Auditor General of Canada, Office of the Auditor General

Karen Hogan

The government is definitely moving in a direction where there is a lot of cross-organizational push for programs to be delivered in such a fashion. I think the challenge from an audit perspective is that this just adds some complexities, as you can likely appreciate, to an audit. Personally, I don't believe that it would result in a program failure. It just means that it takes more coordination and collaboration amongst parties, and when it comes time to audit, it means we need to scope in additional departments and make sure that our roles and responsibilities are clear and that accountability is there.

I just see it as an opportunity, and it's an area that I would like to see us focus in on. Our audits need to be aligned with how the government organizes itself to deliver programs, so I would like to see us spend a little more time doing that, as well as perhaps doing some collaborative work between ourselves and the territories so that we can see the federal-provincial-territorial link to some programs. It's definitely something that's on my horizon during my mandate.

5:10 p.m.

Conservative

Brad Redekopp Conservative Saskatoon West, SK

Yes, I can understand how that would make life much more difficult for you.

Does it frustrate you, as the Auditor General, when the Liberals make promises—for example, to better our environment—when they clearly don't have a plan to properly measure, monitor and report on these programs?

5:10 p.m.

Auditor General of Canada, Office of the Auditor General

Karen Hogan

As we've mentioned, it's always a good recommendation to make sure that, when you launch a program, you've thought about how you're going to measure its successes. When we see that missing in a program design, we take the opportunity to recommend that. You achieve what you measure, so every good plan should have some good performance indicators and good measurements to make sure that you know when you're achieving your intended result.

5:10 p.m.

Conservative

Brad Redekopp Conservative Saskatoon West, SK

Thank you.

This is for the environment commissioner.

You appeared at this committee in March and reported that the government is “not adequately prepared” for some of its commitments on the environment. In particular, I believe you said that it had “no implementation plan with a system to measure, monitor and report on progress nationally.” The government announced new targets in September's throne speech for planting trees and for the protection of terrestrial and aquatic areas.
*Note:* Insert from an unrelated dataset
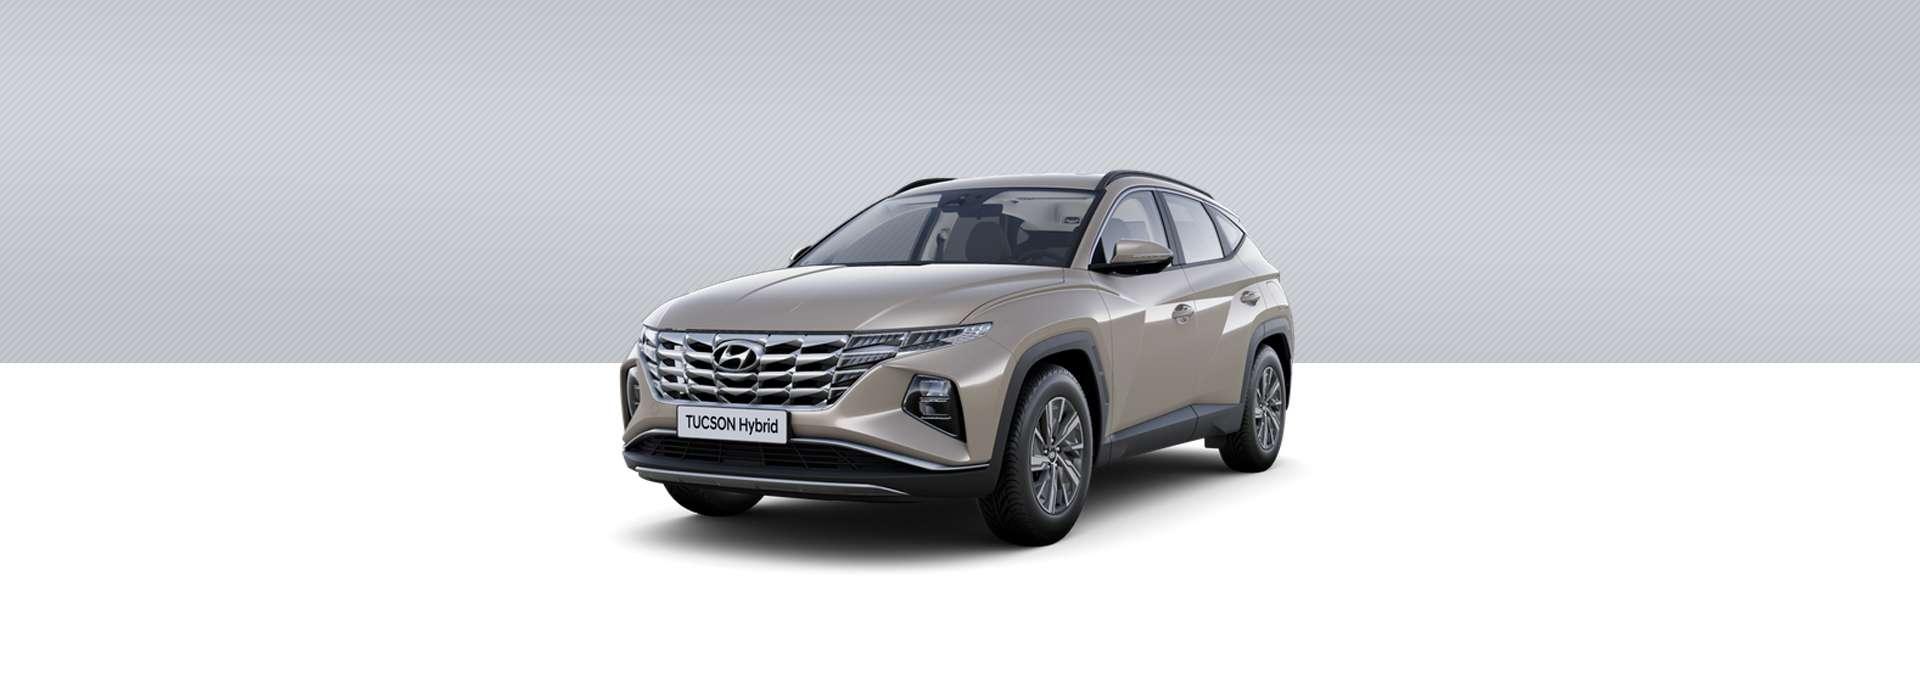 Hyundai Nuevo Tucson Híbrido Eléctrico

If it cannot, in your words, “measure, monitor and report”, what is your expectation for these programs to succeed?

5:15 p.m.

Deputy Auditor General and Interim Commissioner of the Environment and Sustainable Development, Office of the Auditor General

Andrew Hayes

That would be exactly what we would go in to audit. We would use the criteria the government has set for itself, the expectations it set, and we would hold it to those very criteria. We would report on the progress that it reaches. We would, obviously, base our reports on exactly what we see in doing our work.

5:15 p.m.

Conservative

Brad Redekopp Conservative Saskatoon West, SK

How can you audit a program when there are poor measurements and poor reporting—poor monitoring?

5:15 p.m.

Deputy Auditor General and Interim Commissioner of the Environment and Sustainable Development, Office of the Auditor General

Andrew Hayes

In those cases, we generally report to Parliament the weaknesses in the measurements and reporting. We bring that forward and we make recommendations for improvement.

5:15 p.m.

Conservative

Brad Redekopp Conservative Saskatoon West, SK

In the case of a project like the tree planting, what are some examples of best practices for measurements that could be used?

5:15 p.m.

Deputy Auditor General and Interim Commissioner of the Environment and Sustainable Development, Office of the Auditor General

Andrew Hayes

I'm not actually familiar with the best practices. That would be something that we would look at when we are designing our audit. We would look at other jurisdictions and the way that they do the measurements and reporting.